What you should do:
Please give back the listing below word for word, without the images.

Dataset extract:
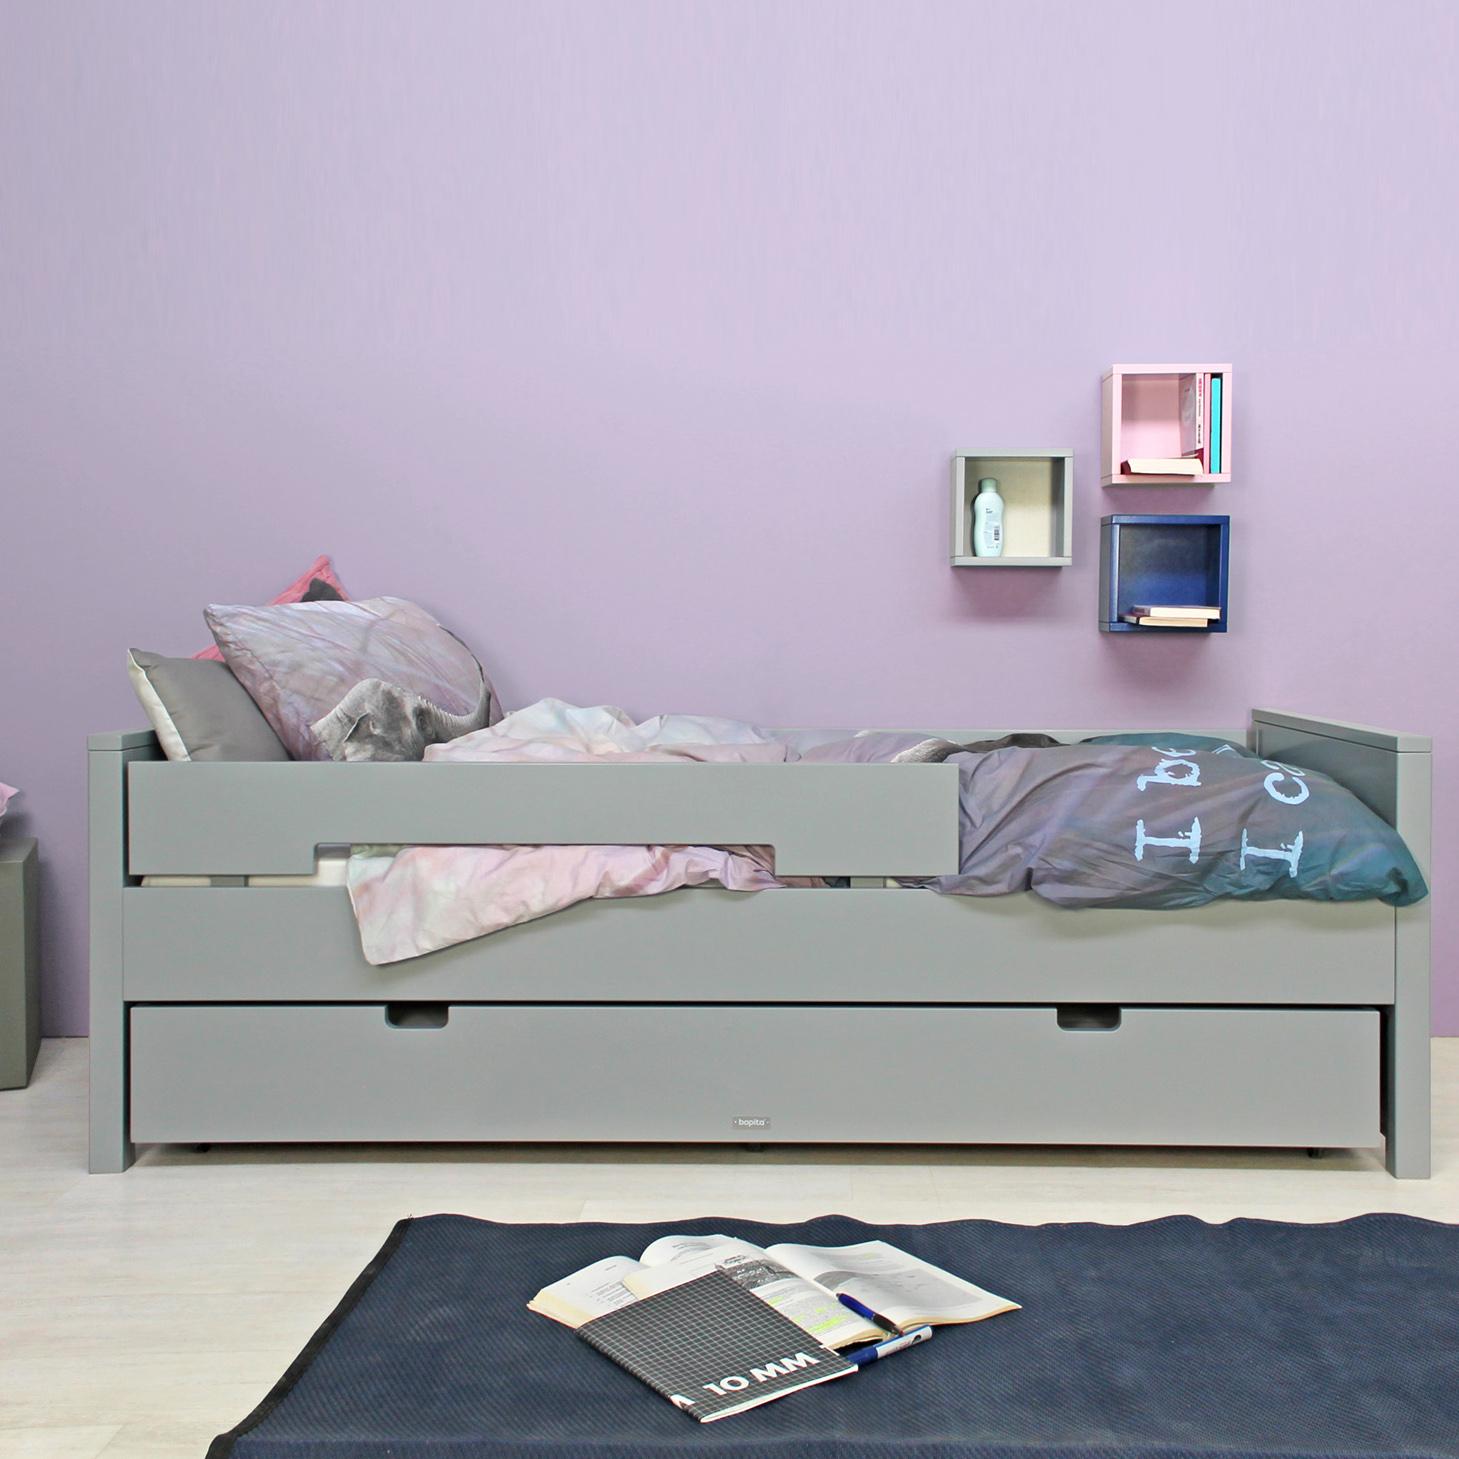 Full Size of Bopita Belle Bettschublade Romantic Gstebett Schublade Wei Bett Wohnzimmer Bopita Bettschublade
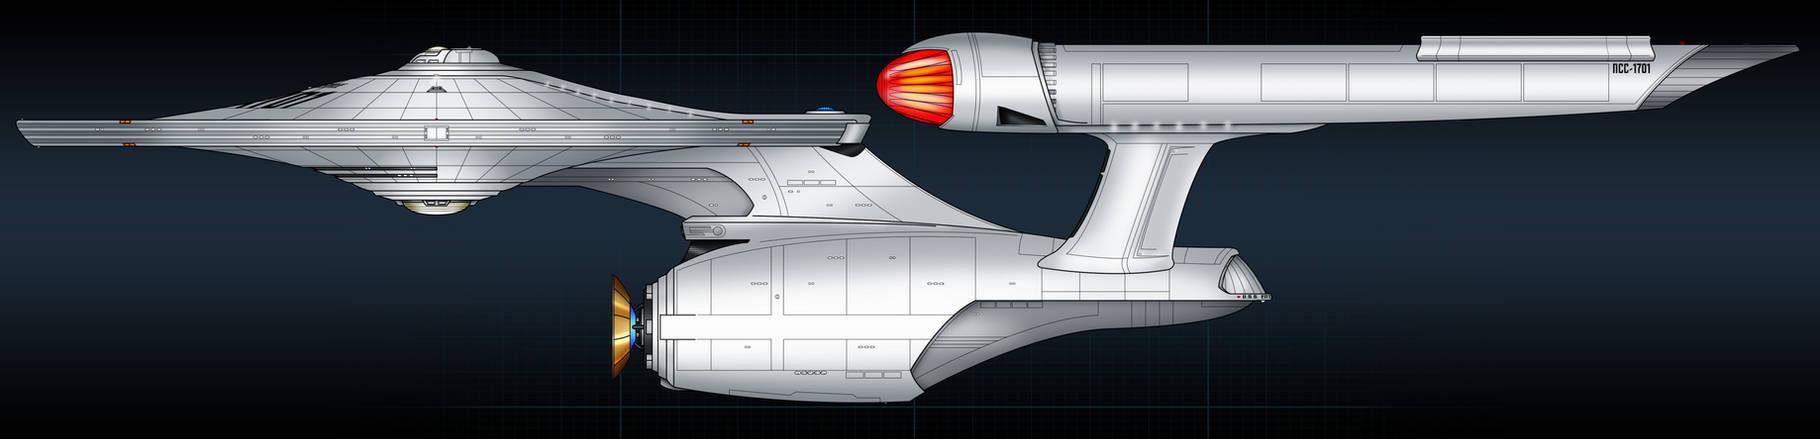 Enterprise concept colored
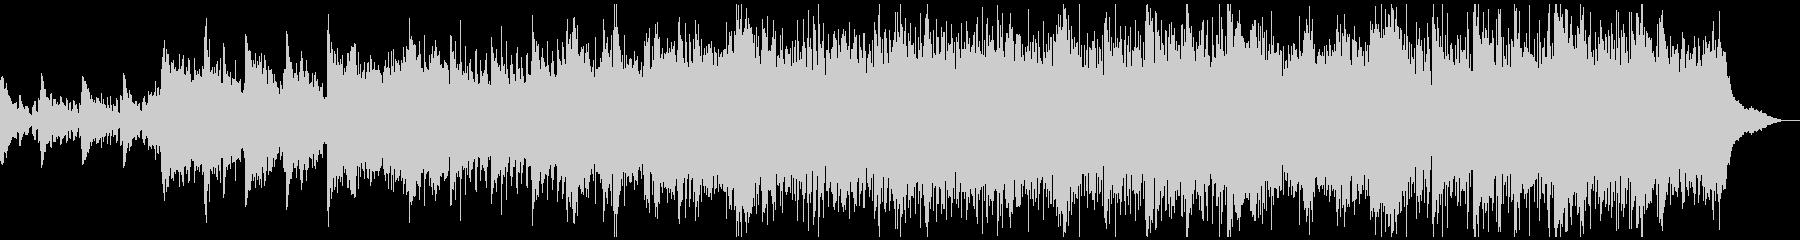 未来的なピアノ曲の未再生の波形

Result below:
 Full Size of Bopita Belle Bettschublade Romantic Gstebett Schublade Wei Bett Wohnzimmer Bopita Bettschublade
 Enterprise concept colored
 未来的なピアノ曲の未再生の波形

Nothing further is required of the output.